The above mentioned, the step S110 of obtaining the generic model includes at least two ways, and the second way is further illustrated below:
in some implementations, the generic model can be obtained as follows:
Step A: acquiring an original general model; the original general model is a pre-trained language model in the general field, for example, a BERT chinese model published by Google corporation, a ERNIE model published by hundred degrees corporation, etc., and the ERNIE model may be preferentially selected in the chinese environment.
And (B) step (B): acquiring a third corpus and a fourth corpus; the third corpus is the corpus in the general field, and the fourth corpus is the corpus in the target field. Regarding the obtaining of the third corpus and the fourth corpus, reference may be made to step S120, but it should be noted that, since the generic model is not related to a specific task, the fourth corpus may directly select the data in the target domain, and the problem of adapting to the target task is not involved.
Step C: and determining a second data ratio based on the difference between the third corpus and the fourth corpus, and mixing the third corpus and the fourth corpus according to the second data ratio to obtain second training data.
This step can be implemented with reference to step S130, and the description will not be repeated. It should be noted, however, that the second training data and the first training data are still different in form, as the first training data is directed to the downstream target task and the second training data is used by the upstream pre-training task, e.g., each sample in the second training data may comprise two consecutive sentences.
Step D: and training the original universal model by using the second training data to obtain the universal model.
This step may be implemented with reference to step S140. Or its learning rate may be adjusted in a simple manner, such as by attenuating the learning rate by 70% of the previous after each training round (training data is all used once defined as one round), etc.
The method is characterized in that the general model is obtained by carrying out parameter fine adjustment on the original model, the second training data used by the general model is similar to the first training data, the second training data is also composed of data in the general field and data in the target field, and the proportion of the data is similar to that of the first training data, so that the general model can be compatible with the field and the general purpose, the quality of the general model is higher, and the training of the follow-up special model is facilitated.

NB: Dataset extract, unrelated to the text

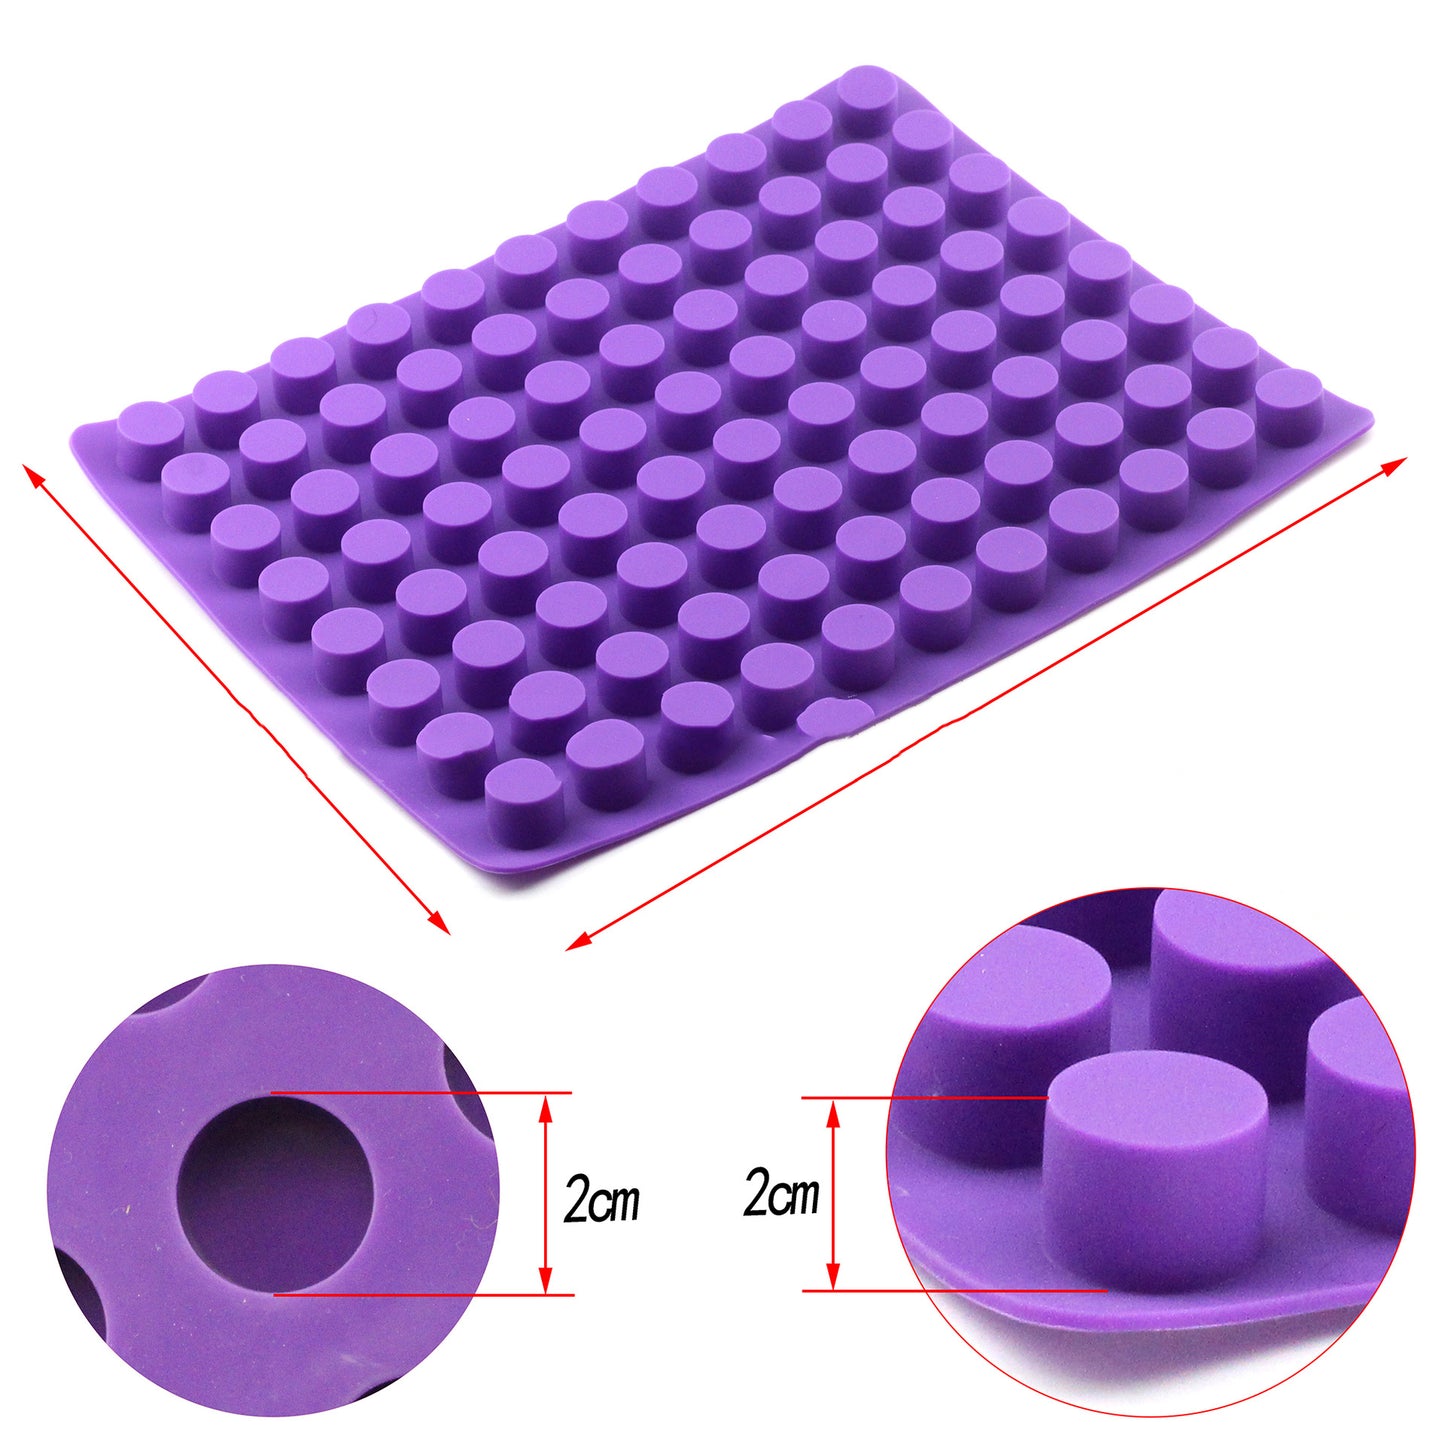 88-hole cylindrical silicone ice tray mold
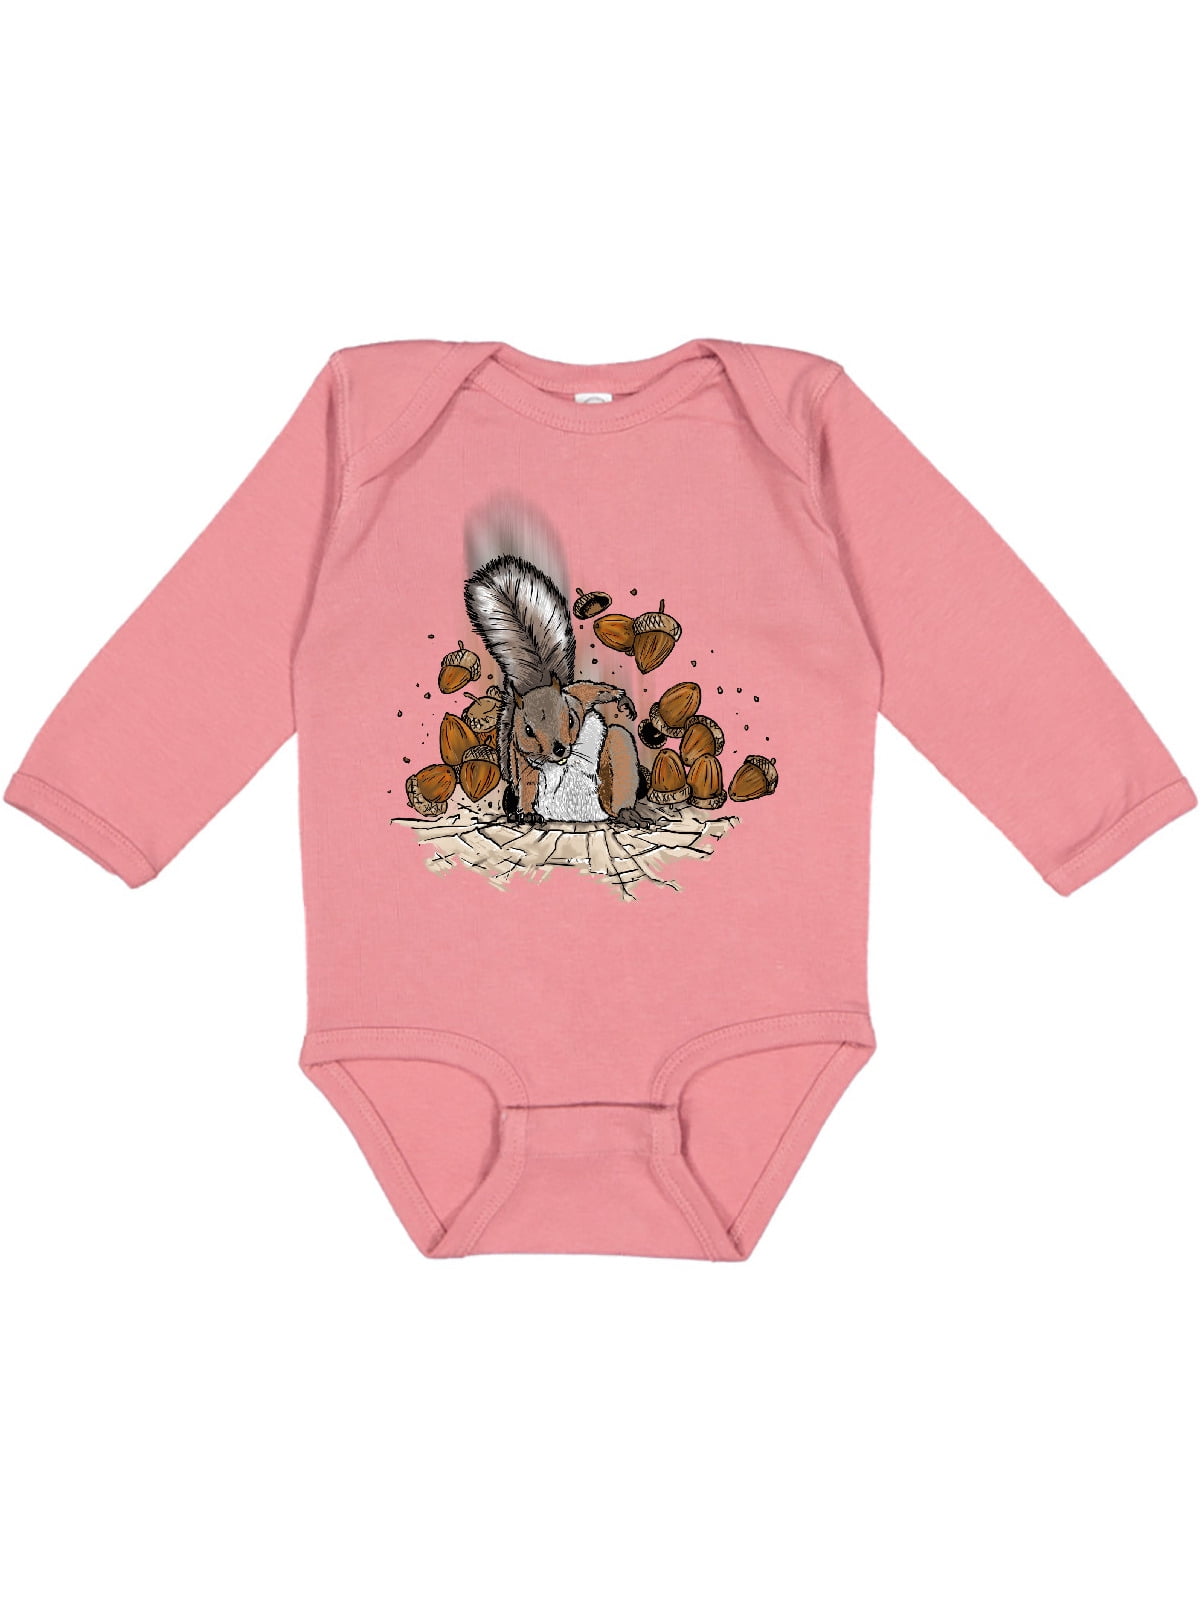 Acorns and Squirrels Unisex Baby Bodysuit Infant Cotton Outfits Long Sleeve Jumpsuit

In the above proposal, the obtained general model is utilized to construct a special model, and the special model is further trained, so as to finally obtain the model for executing the target task. But it is not excluded that in other embodiments, the dedicated model is directly put into use after the dedicated model is constructed by using the obtained general model (for example, through the above steps a to D), and the dedicated model is not subjected to parameter adjustment (of course, the dedicated model may be put into use after parameter adjustment). In the process of training and generating the universal model, the schemes reasonably mix the data in the universal field and the data in the target field, so that the obtained universal model has good balance between the field and the universality, and the performance of the special model constructed based on the universal model is improved. Thus, this is not excluded when the training time is limited.
Fig. 2 shows a functional block diagram of a model training apparatus 200 according to an embodiment of the present application. Referring to fig. 2, the model training apparatus 200 includes:
A first model obtaining module 210, configured to obtain a generic model, where the generic model is a pre-trained, task-independent language model;
a first data obtaining module 220, configured to obtain a first corpus and a second corpus; the first corpus is a corpus in a general field, the second corpus is a corpus related to a target task in a target field, the target task is a natural language processing task, and the target field is a field to which the target task belongs;
A first data mixing module 230, configured to determine a first data ratio based on a difference between the first corpus and the second corpus, and mix the first corpus and the second corpus according to the first data ratio to obtain first training data; wherein the difference between the first corpus and the second corpus is inversely related to the first data proportion;
a first training module 240 for training a dedicated model for performing the target task using the first training data; wherein the special model comprises the universal model and an adaptation structure related to the target task.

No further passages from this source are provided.